Uruguay coach Oscar Tabarez admitted there was a sense of "relief" to be facing a Brazil side without Neymar in World Cup qualifying.
Brazil's perfect record in World Cup 2022 qualifying will be put to the test in Montevideo on Tuesday, and they will be without Neymar due to a thigh injury.
Uruguay will be without a key player of their own after star forward Luis Suarez tested positive for coronavirus.
While unsure if Neymar's absence would give Uruguay an advantage, Tabarez said he was relieved.
"Neymar is among the great players of today and beyond fulfilling obligations of tasks that he has to do at the defensive level, in attack he is very prominent … it shows that in Brazil space is given to his individual creativity," he told a news conference.
"That makes the Brazilian attack stronger because of his speed, his technique, his one-on-one decision, his persistence and his winning mentality. He is very happy when he wins and hot when he loses. This is the type of player who feels like football and plays to achieve things.

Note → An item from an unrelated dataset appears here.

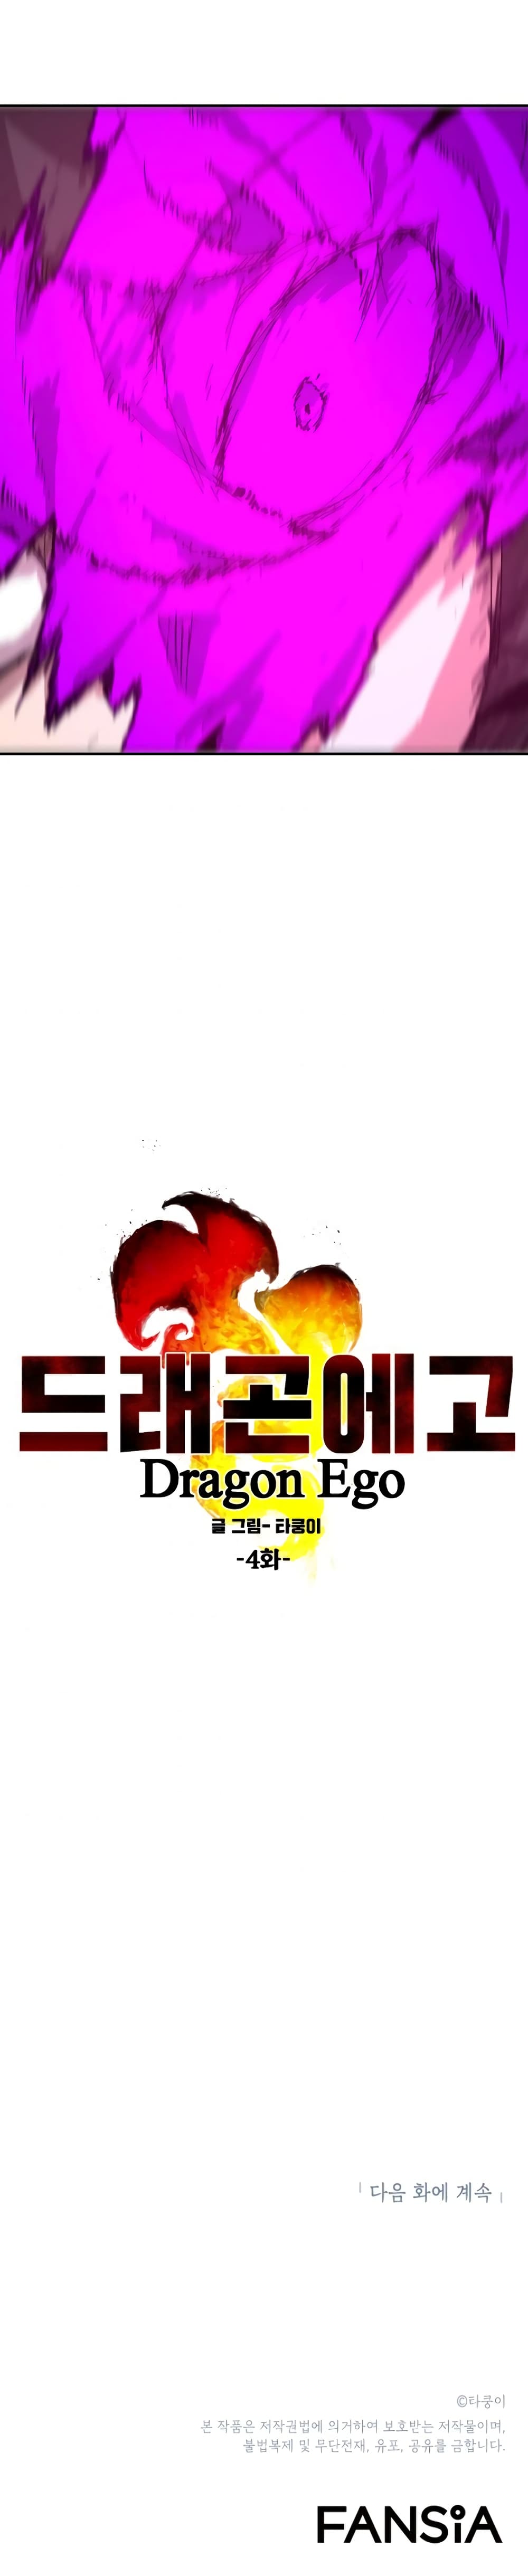 Dragon Ego ตอนที่ 4 (26)

"That he is not here tomorrow, I do not know if it will be an advantage for us, but if it is some relief, apart from the fact that Brazil have great forwards.

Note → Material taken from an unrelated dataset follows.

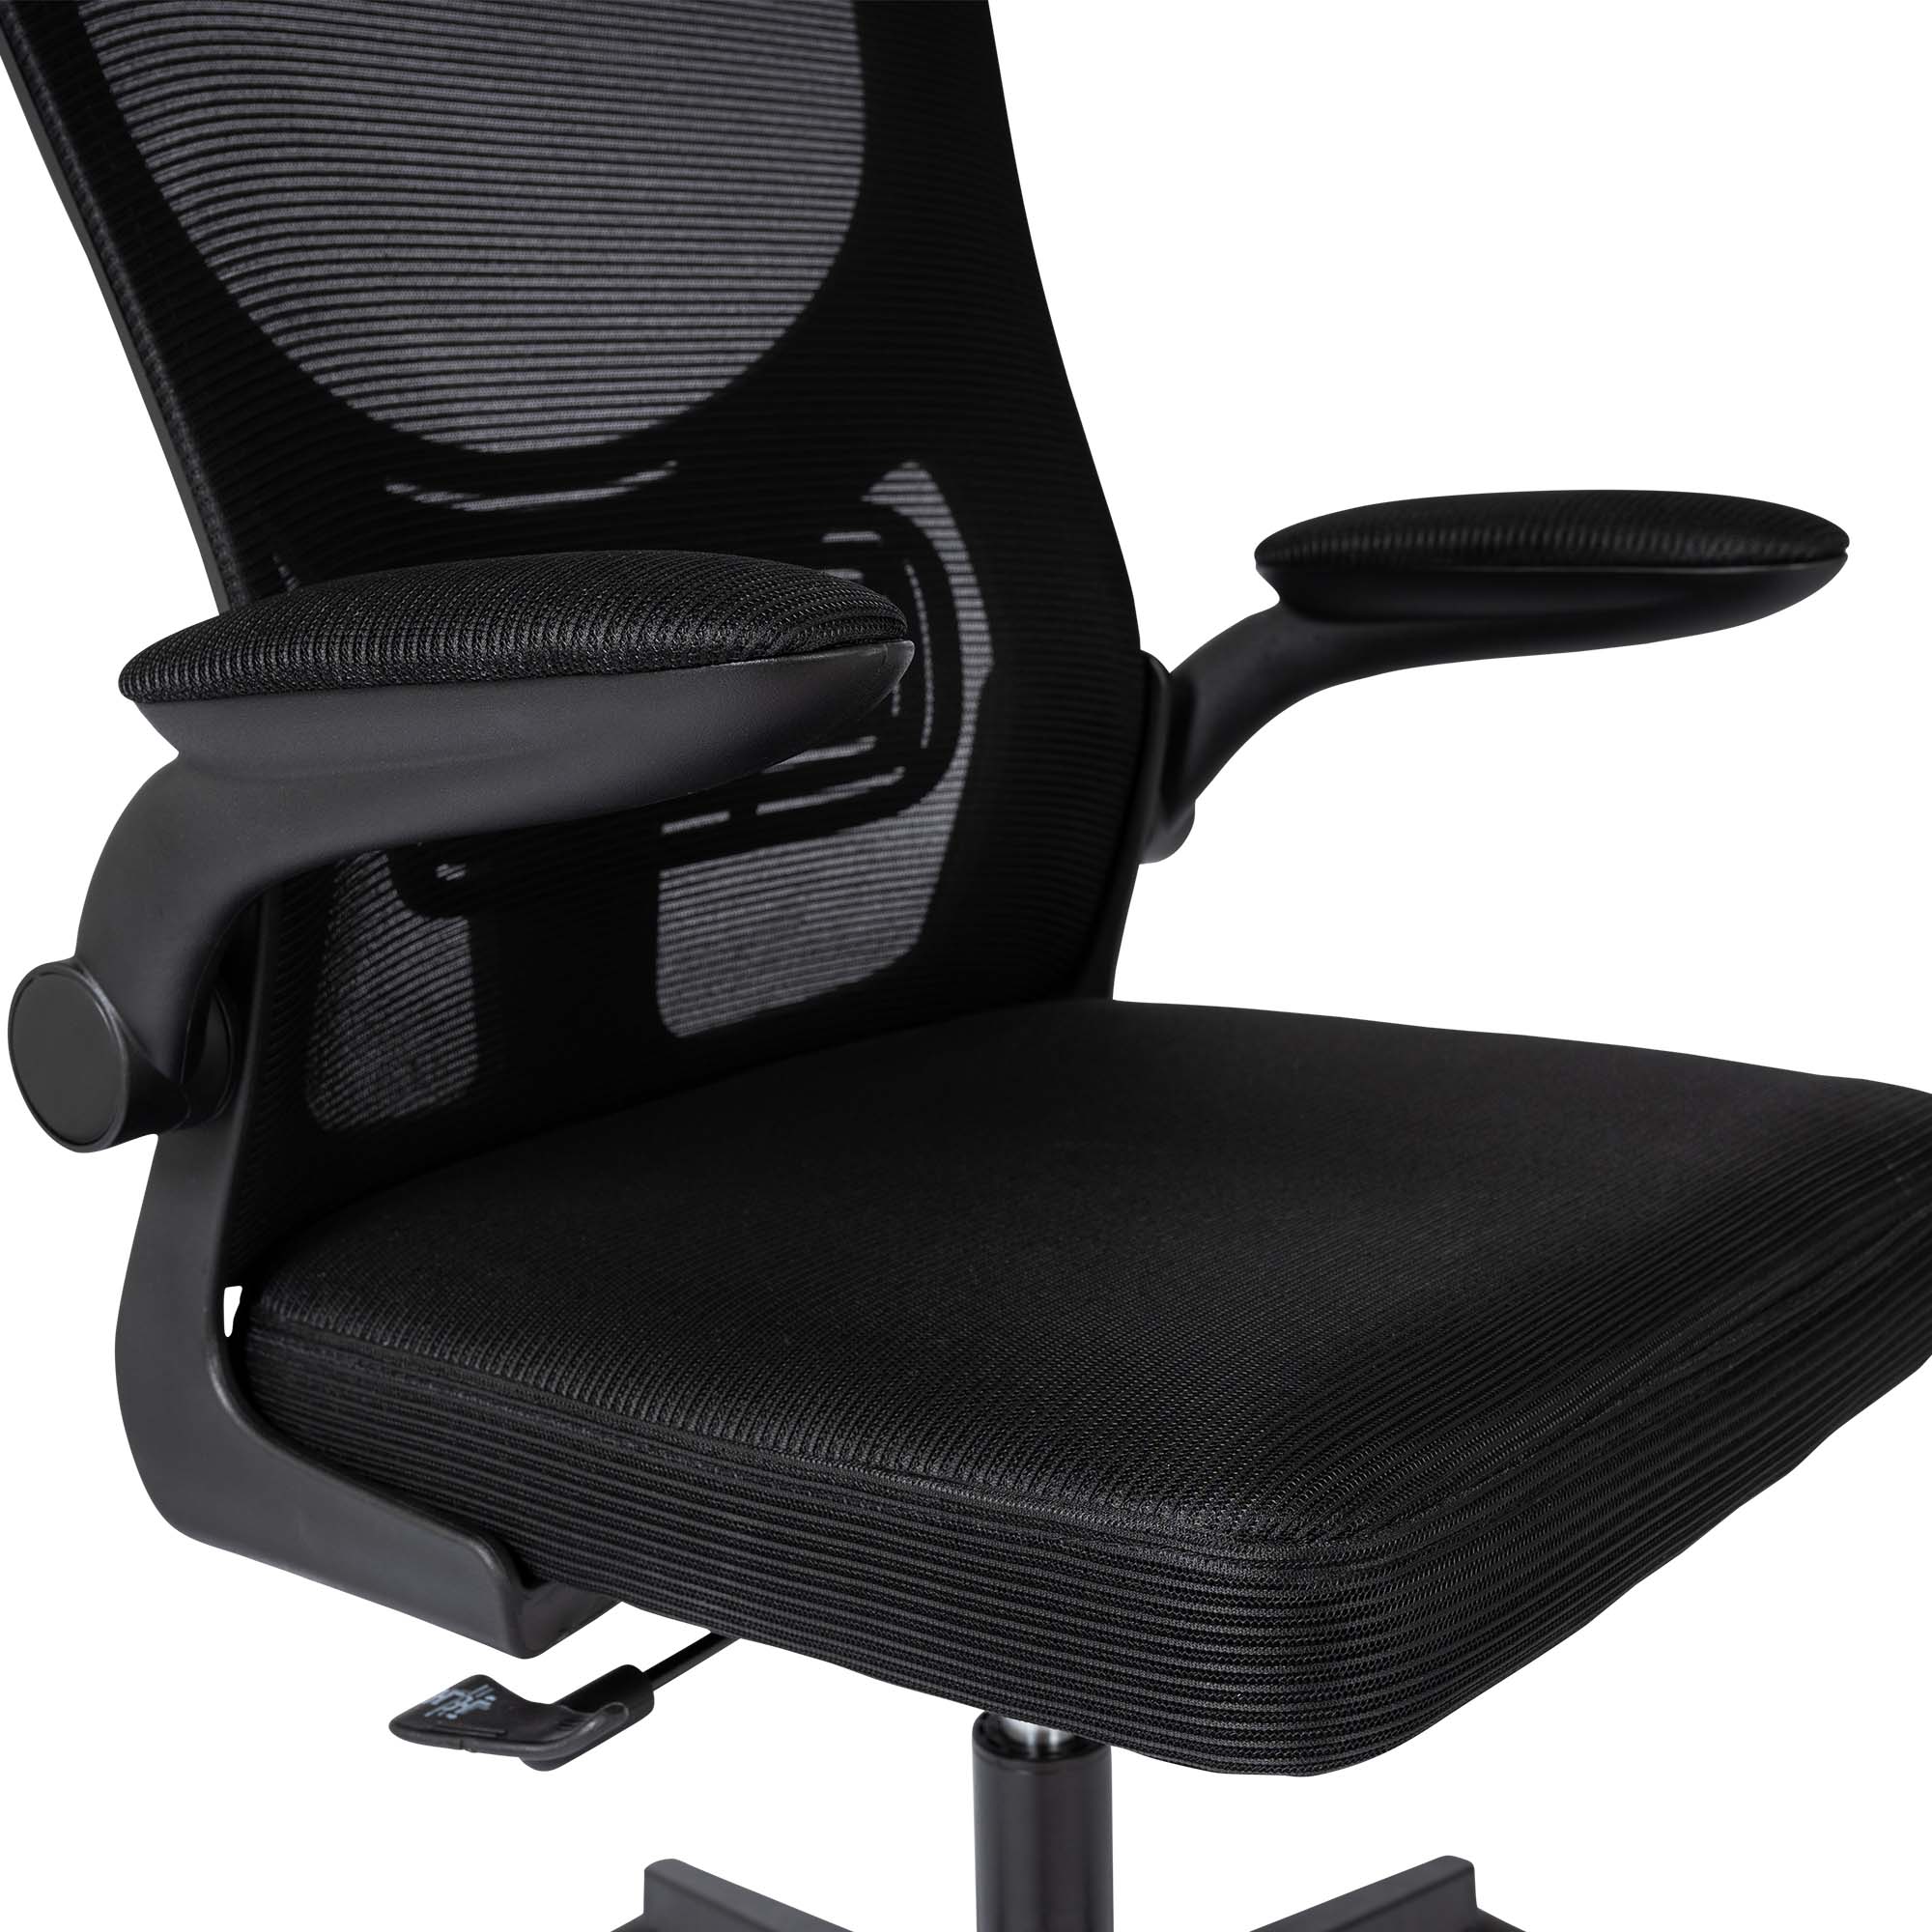 Ergodu Ergonomic Office Chair with Foldable Armrests - seat

"We face the best team of these qualifiers, of the past and of many more."
Uruguay have grabbed six points from their opening three qualifiers, but they are winless in their previous 10 meetings with Brazil.

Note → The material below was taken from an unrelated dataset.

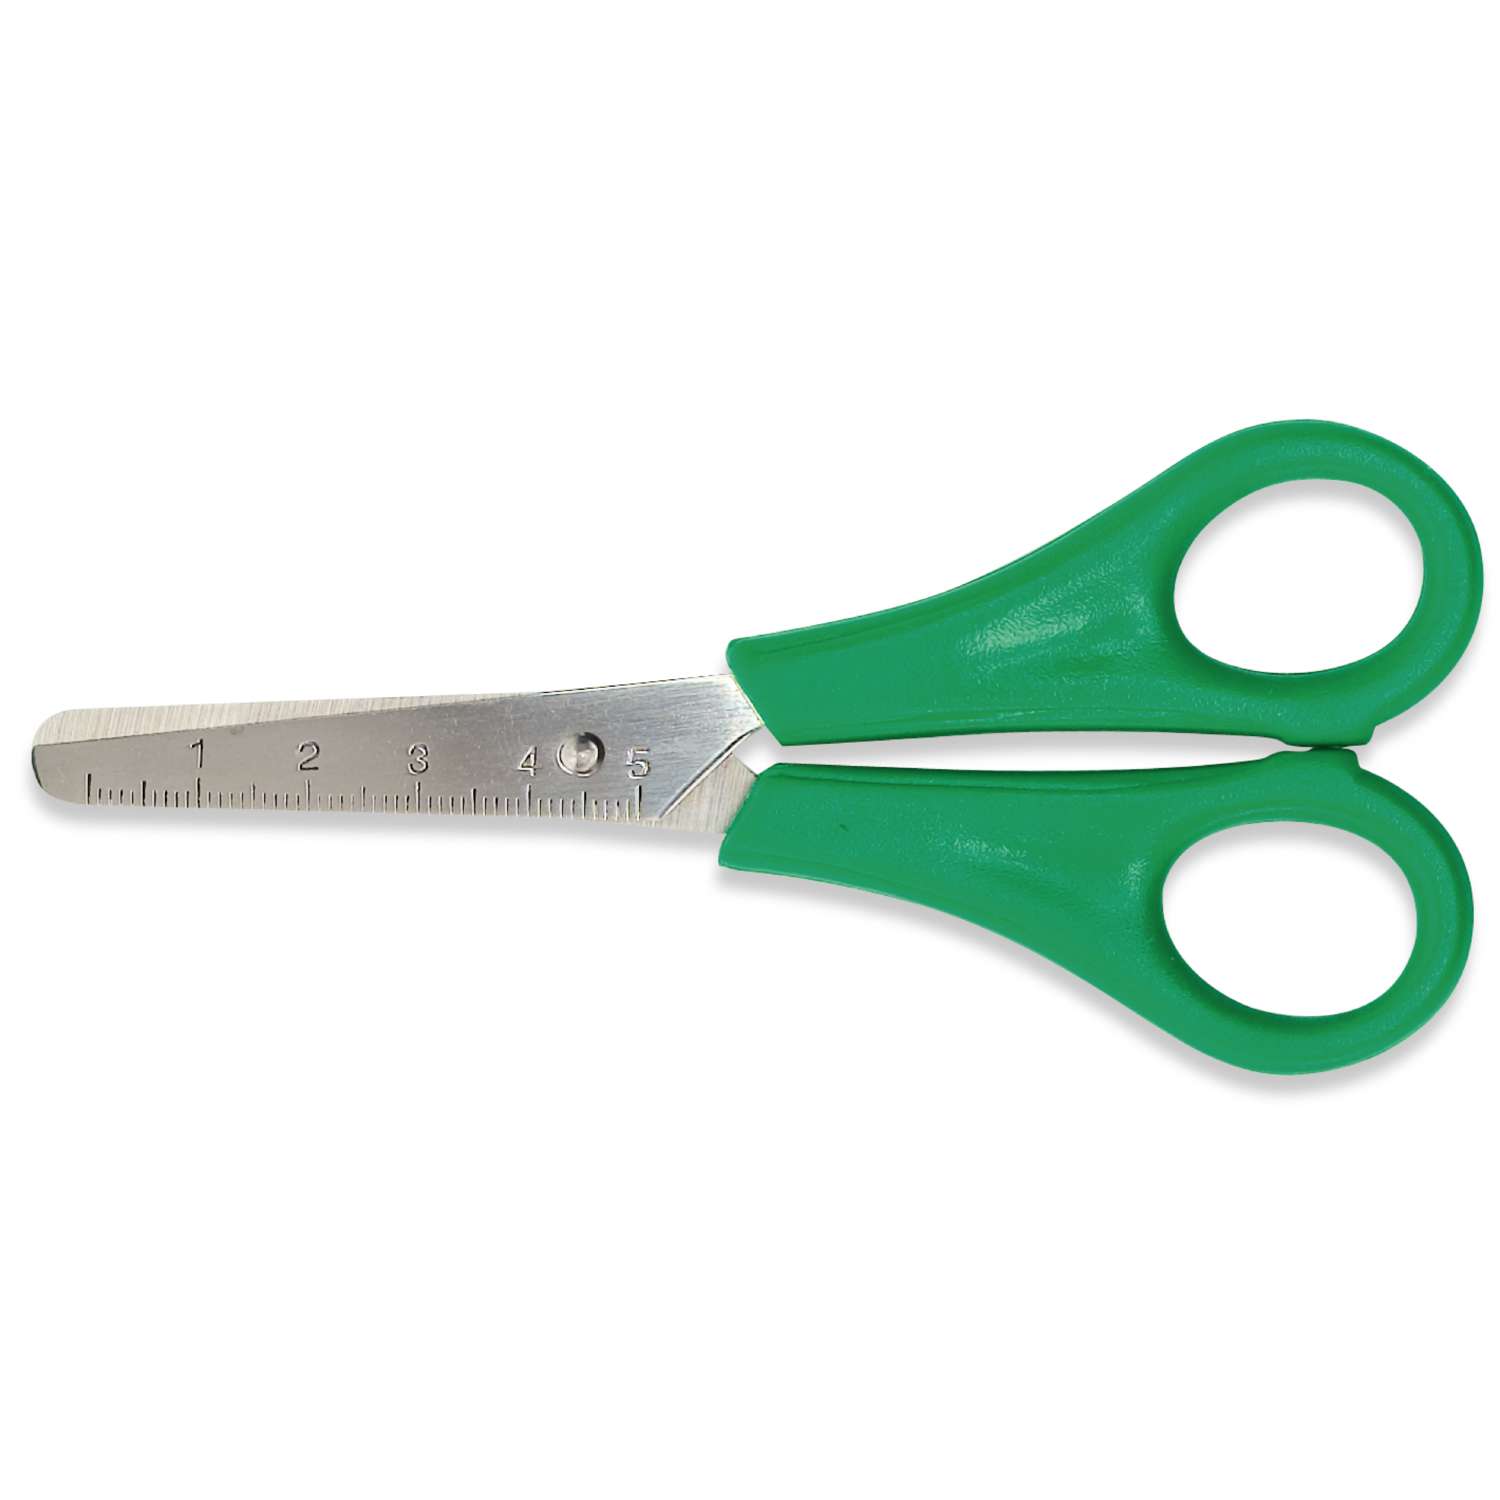 3 1/2 Curved Scrapbooking Scissors

They are coming off a 3-0 win over Colombia as Edinson Cavani, Suarez and Darwin Nunez scored.
Tabarez revealed Cavani was dealing with a blister while playing 78 minutes against Colombia, having had limited game time since joining Manchester United.
"Edinson Cavani, after having had a long time away from the pitches and training, since March of this year, he reappeared at Manchester United in the last minutes of the games and in one of them he scored a goal, which is very important for a scorer like him," he said.
"That was the immediate previous experience, and now he played 78 minutes with some problems, a very annoying blister, but he showed great dedication and a lot of intelligence in his interventions."